Historic house in Illinois, United States

The John Rogerson Montgomery House is a residence designed by country house architect Howard Van Doren Shaw in Glencoe, Illinois, United States. It is considered to be a significant example of Georgian Revival architecture mixed with Arts & Crafts influences.

==History==
John Rogerson Montgomery II was born in Chicago on 8 March 1866. His father William A. Montgomery (1838–1895) was born in Lancaster, Pennsylvania, served in the 15th Wisconsin Volunteer Infantry rising to the rank of Captain and practicing law in Chicago from 1867 to 1895. His mother Was Ellen S. Smith (c. 1840 – 1866), who died nine days after his birth. He was named for his grandfather, noted Lancaster County attorney and shares a name in common with his father, grandfather, father's older brother and with his son. John graduated from Beloit College, Montgomery received a law degree in 1889; his father, grandfather and great grandfather had all been lawyers. When he was admitted to the bar he joined his father's practice. He became a successful attorney in the partnership of Montgomery, Hart, Pritchard & Herriott. Montgomery served as president of the Chicago Bar Association in 1920 and the Illinois Bar Association in 1925. He was a charter member of the American Law Institute when it was founded in 1923. He also served on the board of the Chicago Theological Seminary and was a member of the Union League Club of Chicago & University Club of Chicago. Montgomery chose architect Howard Van Doren Shaw for his estate in 1909 because Shaw had emerged as the premier architect in the Chicago area for stately country houses. Over the span of his career, Shaw would design sixty-four such estates. In 1929, the Montgomery family commissioned Granger & Bollenbacher to design a matching garage for the property.

==Architecture==
The John Rogerson Montgomery House was built in Glencoe, Illinois.
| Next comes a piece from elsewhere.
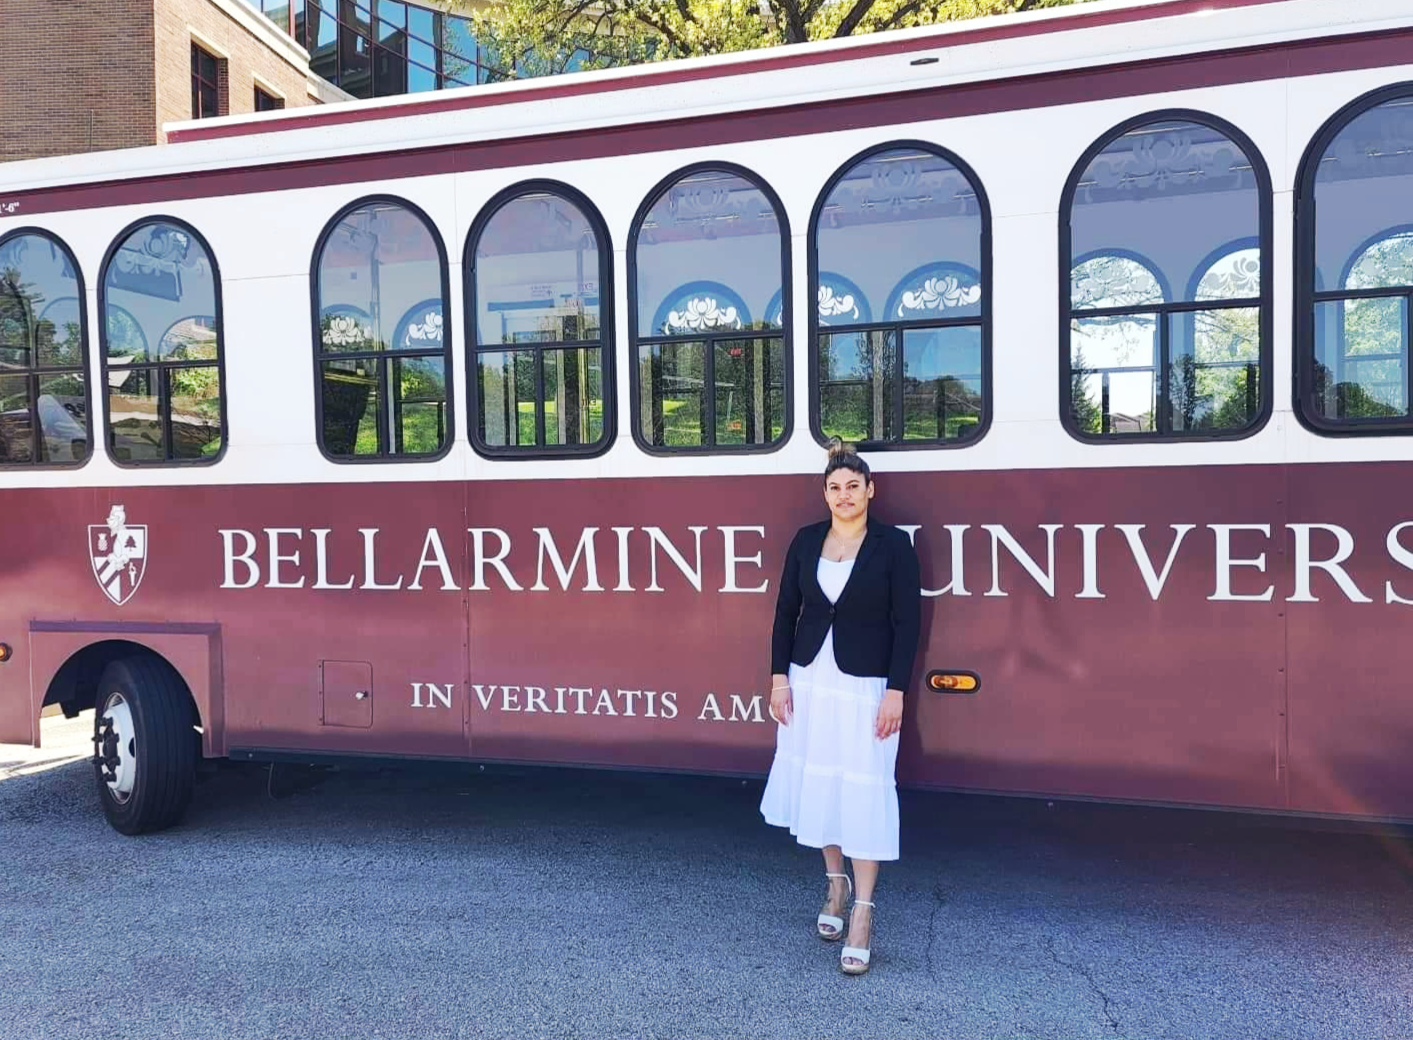 Maray Estacholi Veliz poses in front of the Bellarmine trolley

The 2 1/2-story building is predominantly Georgian Revival in nature, although there are significant influences from other movements. It is L-shaped, extending the smaller branch of the "L" to the northeast. The main facade faces the south. The main section is 30 × 75 ft across the main facade plus a 22 × 23 ft extension in the northeast. The roof was replaced with historically congruent wood shakes, and the gutters are copper. Two recent additions have been constructed in the rear of the house.

The building is largely constructed with red bricks varying in hue. There are three rectangular chimneys: one on the west wall of the "L", one on the east wall of the house, and one on the west end of the main section, emerging through the roof. Windows very in size and shape, utilizing 8/12, 6/9, 8/8, and 6/6 patterns. Dormers on the south and east sides each have two casements with six lights. The main (south) facade has seven bays; the main entrance is in the third from the west. The entrance includes a porch with two cylindrical columns atop a rectangular landing. The columns have Doric order capitals and the landing is brick. The columns support a small platform.